A certain kind of simplicial complex

Question

I'm interested in collections $\mathcal{C}$ of tuples $\mathbf{t} = (n_1, n_2, \ldots, n_r)$ of positive integers satsifying

1. if $\mathbf{t}\in \mathcal{C}$ then so is any permutation of $\mathbf{t}$ and
2. if $\mathbf{t}\in \mathcal{C}$ then so is any sub-tuple of $\mathbf{t}$.
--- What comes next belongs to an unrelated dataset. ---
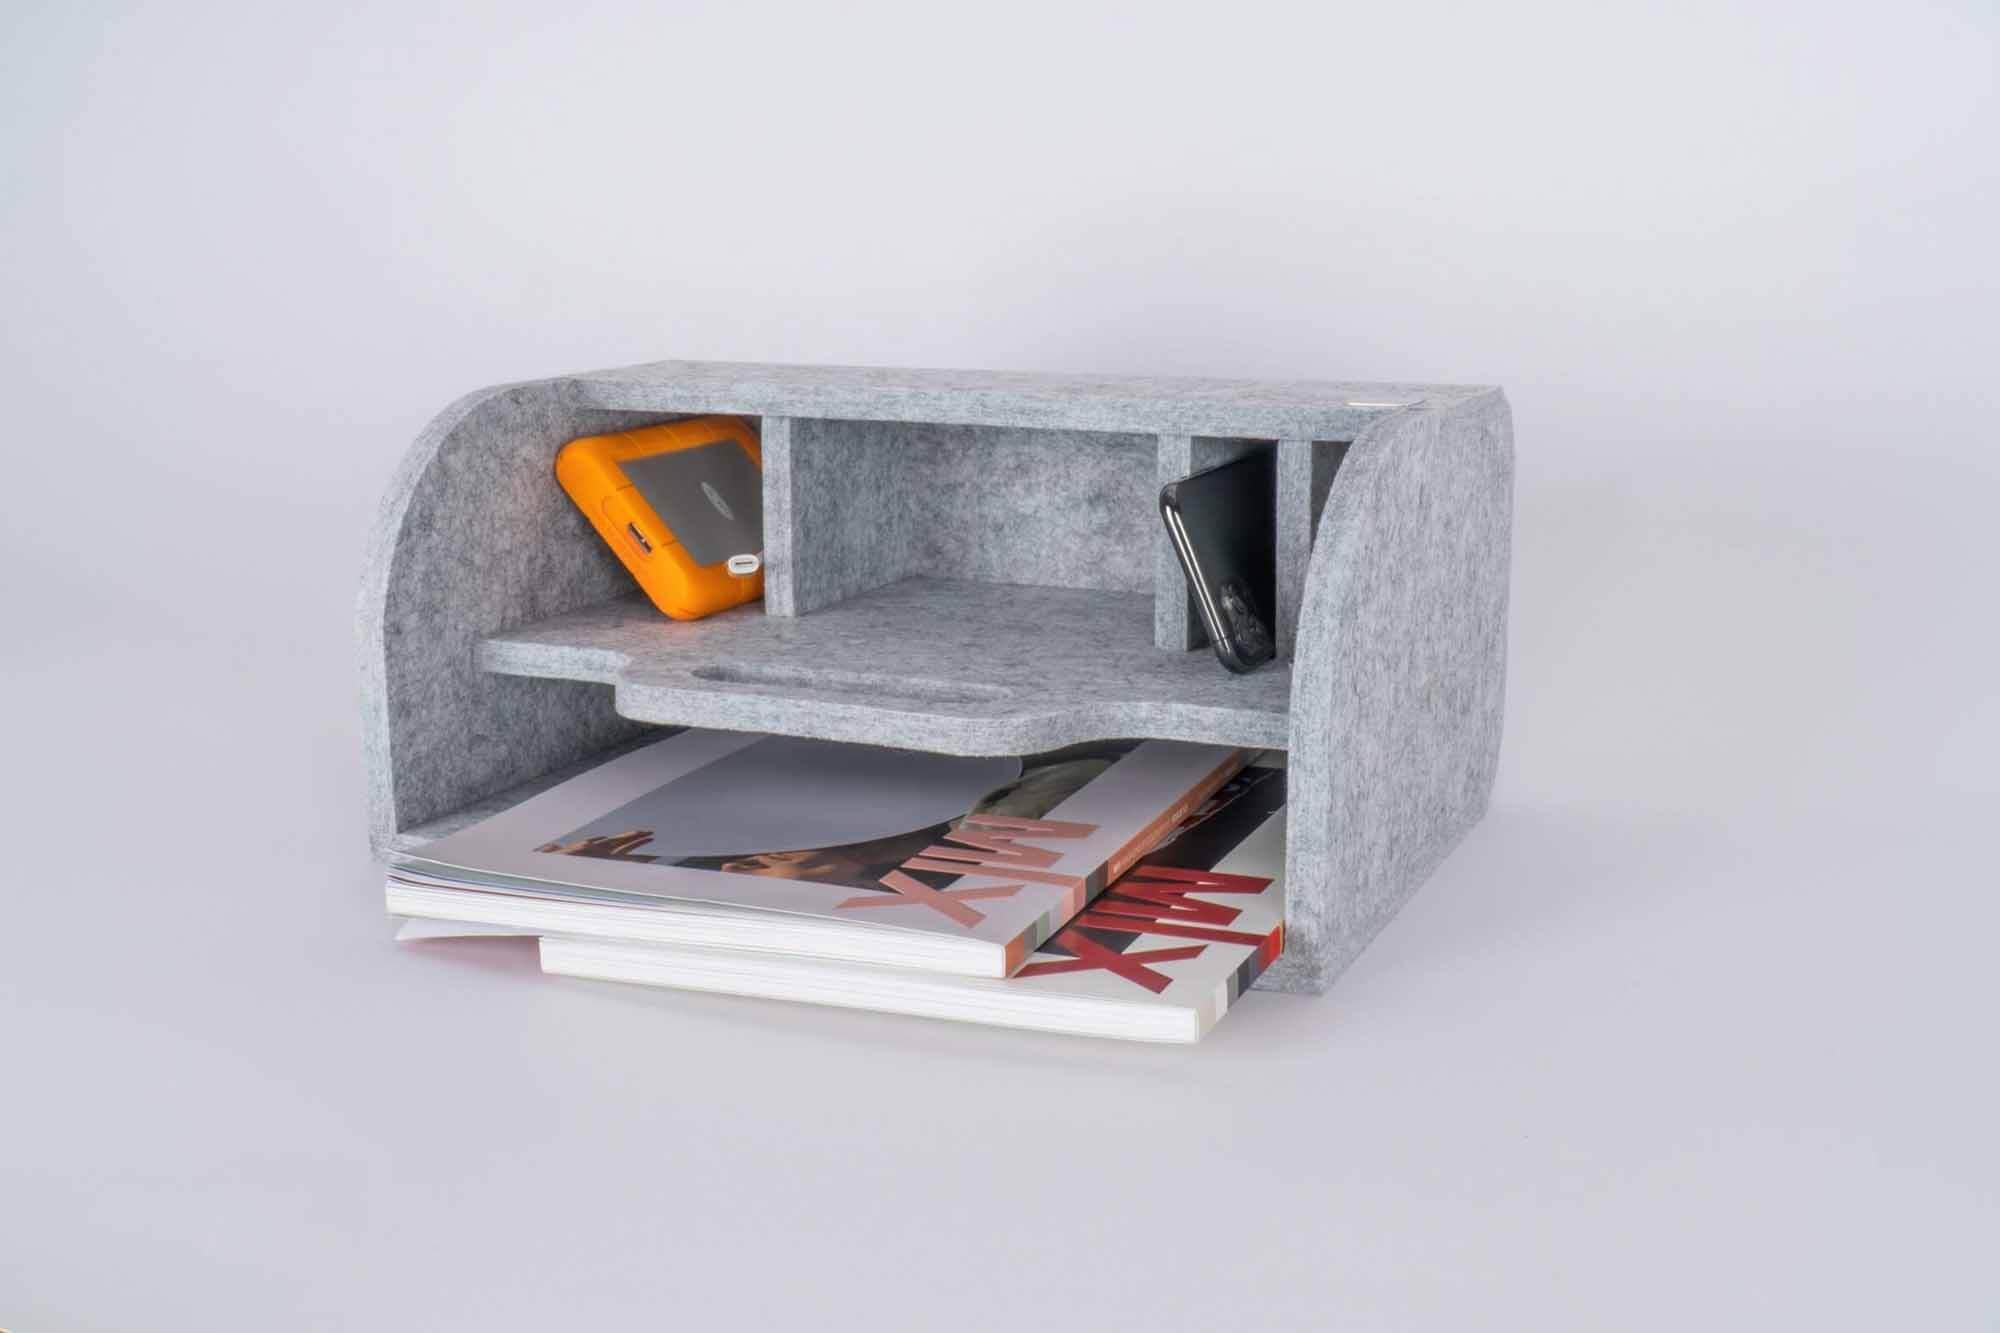 Акустический стол-органайзер TwoWay от Impact Acoustic

If I were talking about sets instead of tuples, then the second condition would mean that such a collection is a simplicial complex. Since I need tuples, I thought that $\mathcal{C}$ could be thought of as a simplicial set. But the reason I want to use tuples is to allow for repetitions (such as $(1,2,2,3,4)$); and the tuples with repeats are in no way degenerate in my context. So maybe I'm thinking about something like a sub-fat-simplicial-set inside the fat nerve (fat meaning "no degeneracies") $B_\mathbf{fat}\mathbb{N}$?
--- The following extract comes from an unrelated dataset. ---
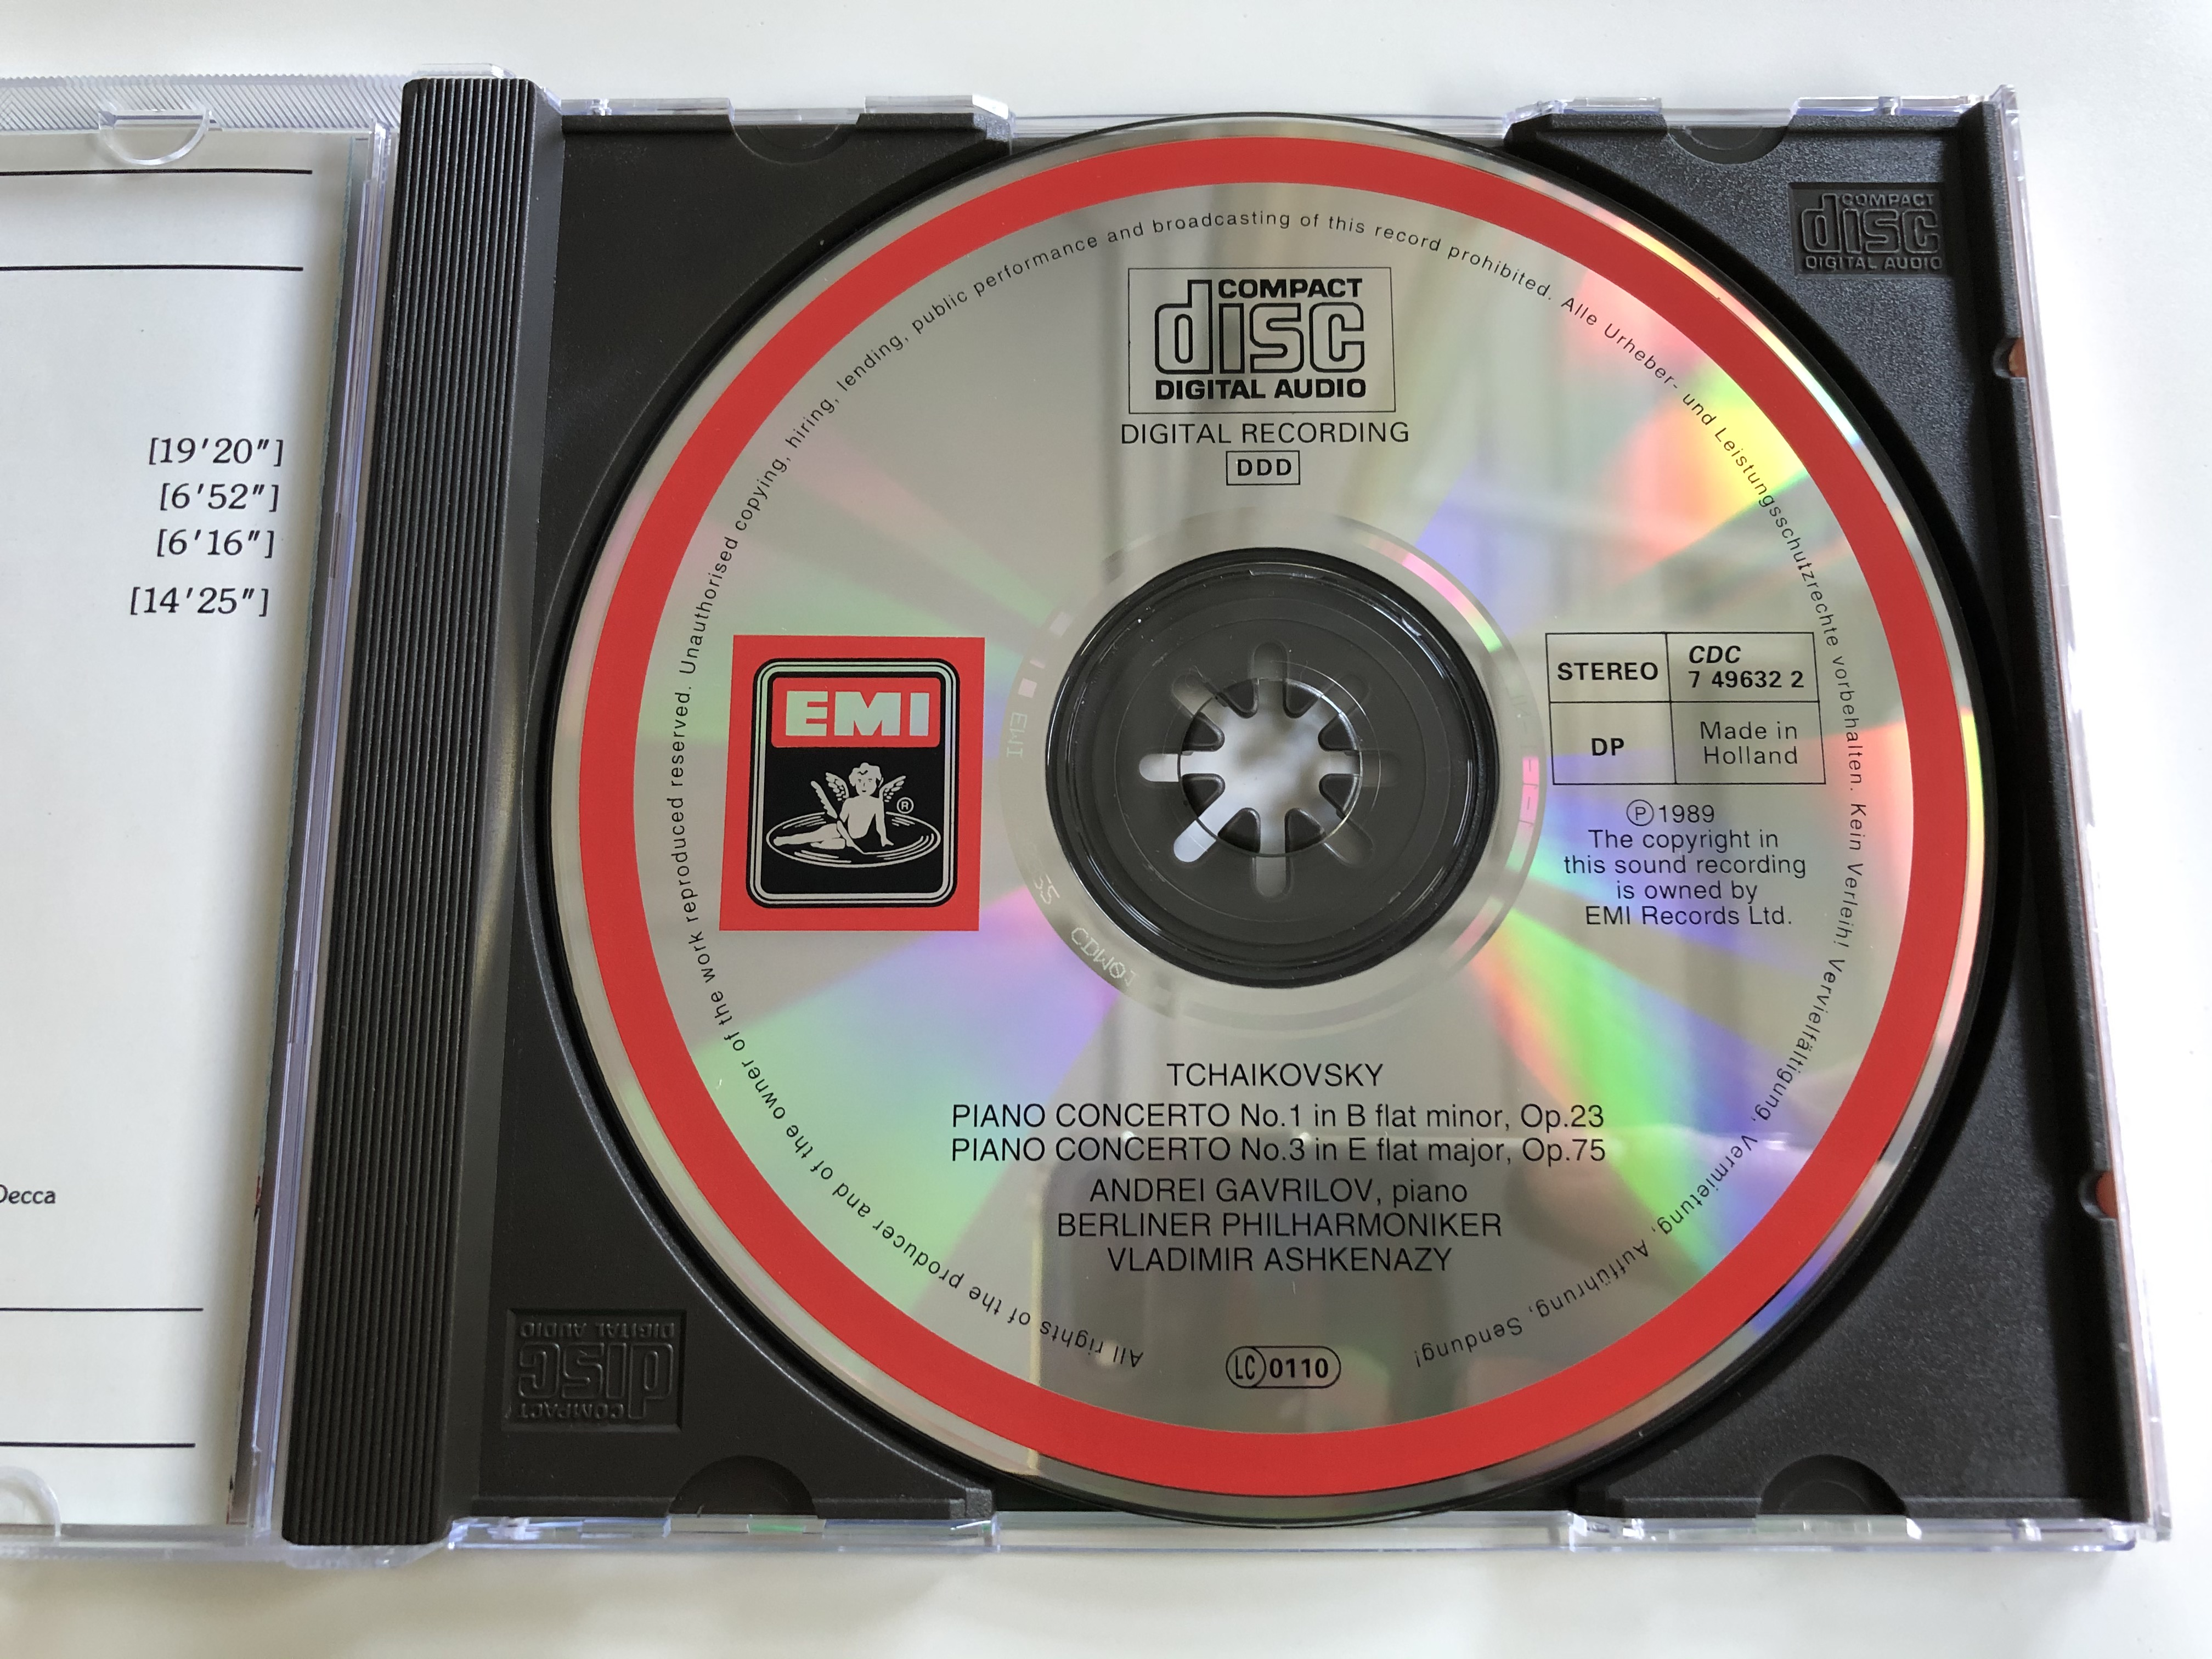 tchaikovsky-piano-concertos-klavierkonzerte-concertos-pour-piano-1-3-andrei-gavrilov-berliner-philharmoniker-vladimir-ashkenazy-emi-audio-cd-1989-stereo-cdc-7-49632-2-4-.jpg

Can someone point me to some useful terminology or results about collections $\mathcal{C}$ like this?

Answer 1

I don't know your context, but maybe it will be useful to think of your structure as a semi-simplicial set http://ncatlab.org/nlab/show/semi-simplicial+set

Semi-simplicial set is a presheaf on the semi-simplicial category, which is like the simplicial category without degeneracy maps. Every simplicial category generates a simplicial set.

Your structure forms a semi-simplicial set as it seems implicit in the question. Maybe you want the simplicial set generated by this semi-simplicial set.